Here’s a fun fact: it’s illegal to import calendars for commercial purposes into Vietnam. That’s right, folks, we said “calendars.” This means online retailers based in the U.S. may not send quantities of more than 100 calendars to customers in Vietnam. Break the law and prepare to do time (pun intended!).

And this is just one example of hundreds of country-specific regulations complicating international shipping. Talk about overwhelming!  But to simplify the complexity, UPS has an online tool that enables shippers to access a list of regulations. Input the origin and destination countries, and UPS returns information about shipping requirements.

Also, understand the duties and taxes. For example, when a U.S. retailer ships a pair of sneakers from Los Angeles to a customer, store, or warehouse in Chicago, there is a single shipping rate. But if this retailer sends the same pair of shoes to a customer, store, or warehouse in Amsterdam, the shipment is subjected to a whole new set of duties and taxes. The total cost of shipping an order internationally is referred to as the “landed cost,” and it is critical to understand this cost on the front end of the shipping process. Specifically, you want to know:

  • Is the product taxable?

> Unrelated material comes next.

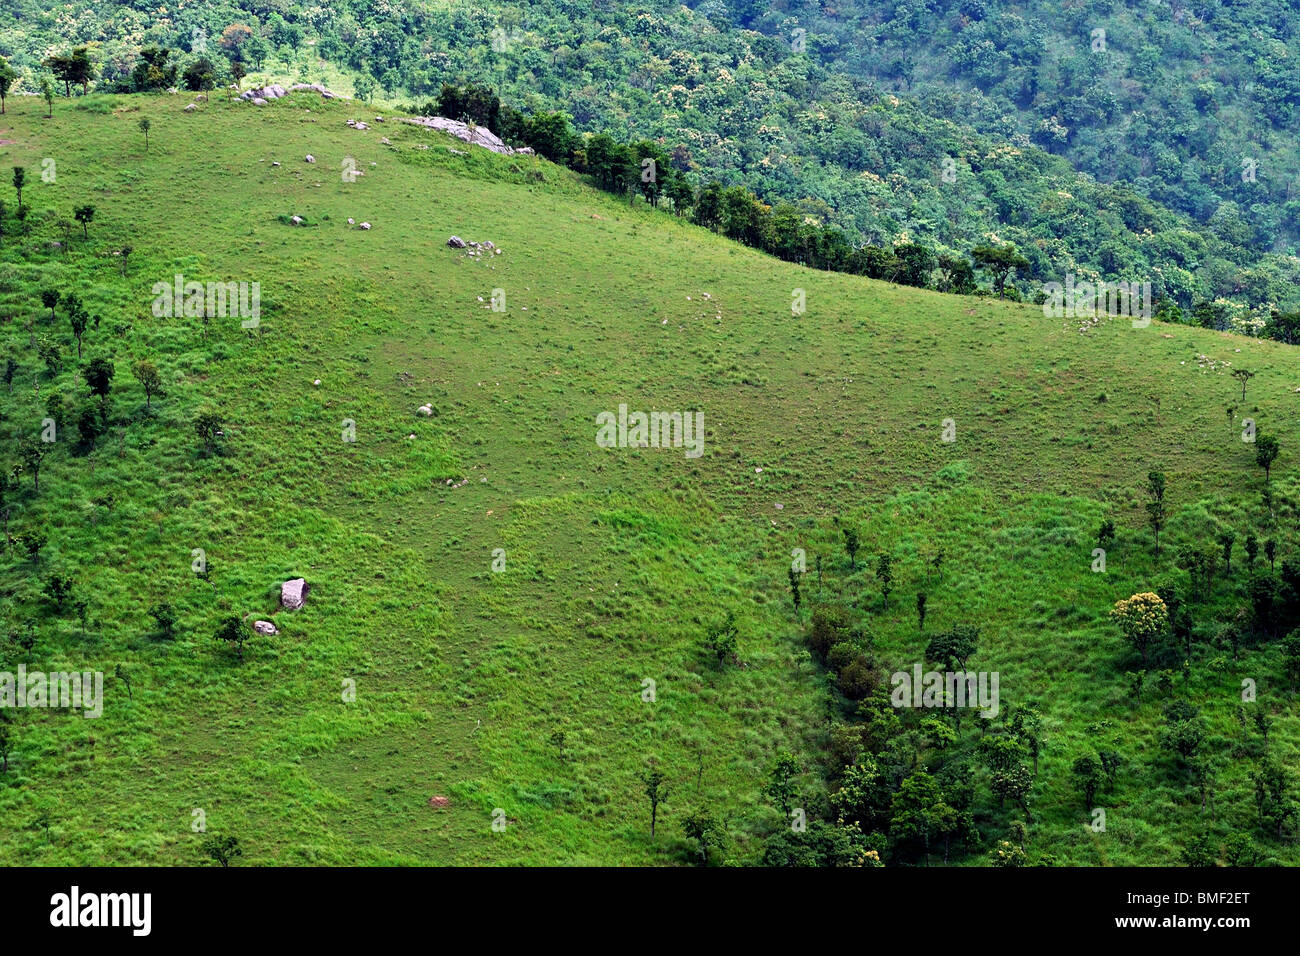 Hill tops and Valleys in Tamilnadu landscape scenic Stock Photo

At what quantity?  At what value?
  • What customs regulations apply?
  • What is the country’s minimum threshold value for duties?

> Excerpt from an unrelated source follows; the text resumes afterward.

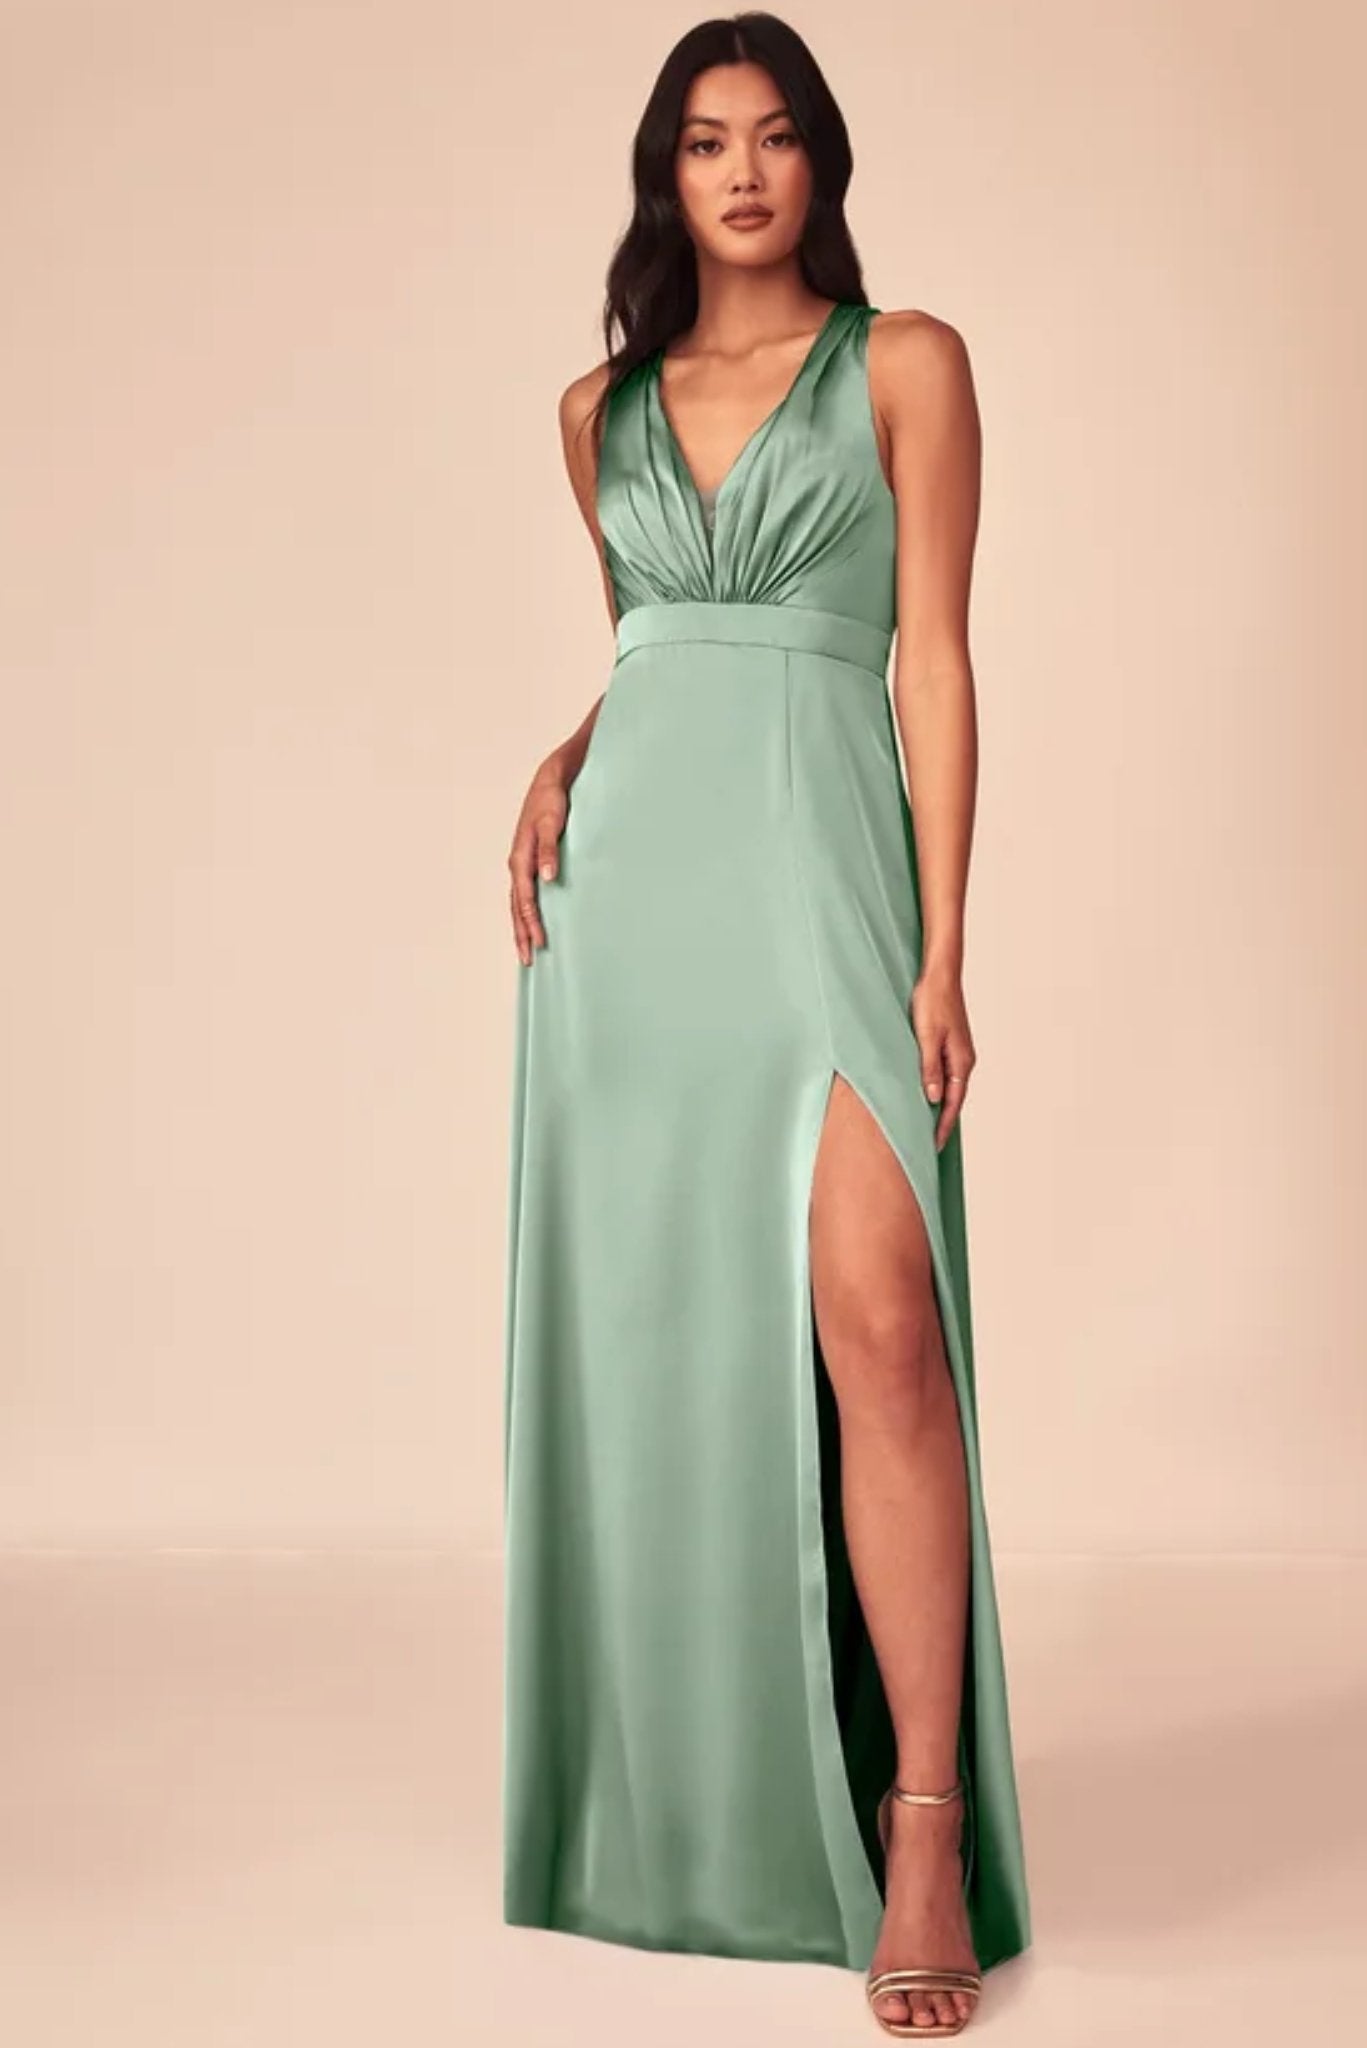 Satin Bridesmaid Dresses You'll Love - Pretty Collected

Keep in mind, duties and tariffs continuously change, and therefore this will be an ongoing exercise.

2. Decrease shipping costs with a cloud Transportation Management System (TMS) for parcel shipping.

Shipping parcels individually across borders, especially if they have a low price point, isn’t cost-effective.  Smart shippers are instead using break bulk services, wherein multiple orders are consolidated into one big shipment to cross the border in order to reduce shipping charges and paperwork. Once on the other side, the consolidated shipment is broken down into separate shipments for individual delivery.

A cloud TMS for parcel shipping ensures your labeling and documentation can support this, and Logistyx has seen customers achieve savings of more than 25% on their transportation costs by switching to a break bulk service rather than sending shipments individually. For large shippers sending multiple items, the economics of break bulk are clear. Not only is there a cost saving on the actual shipping charge, due to lower cost/weight rates on higher weight shipments, but there is a corresponding reduction in the quantity and cost of paperwork. If 50 individual shipments are consolidated into one break bulk shipment, there is only one set of paperwork to clear customs, meaning less chance of delays at the border. With carriers charging for each invoice declared at the border, the savings opportunities are clear, and having only one carrier invoice to be checked, also means less work for the finance department.

3. Use a cloud TMS for parcel shipping to rate shop.

Rating and rate shopping isn’t straightforward across the border. In Europe, for example, carriers use myriad rate calculation methods. Unlike the United States, there isn’t a uniform postal code system across Europe, which means rate-zone definitions differ by country, carrier, and service. Some rate zones are even a combination of country postal codes, regions, cities, etc. Furthermore, there are no European-wide tariff structures. Rating is done on a per-carrier basis according to zones, weight, volume, and distance, but also accounting for factors such as pack quantity and load meters. These variables, in conjunction with different currencies, further complicate rating and rate shopping. A cloud TMS for parcel shipping enables you to rate shop across your entire transportation network to identify the optimal carrier service for each shipment based on all of these variables.

Manage Cross-Border Shipping with a Cloud TMS for Parcel Shipping

In summary, shippers moving parcels across borders should consider using a cloud TMS for parcel shipping to ensure they can simplify the complexity of regulations, label and documentation requirements, rating, and rate shopping.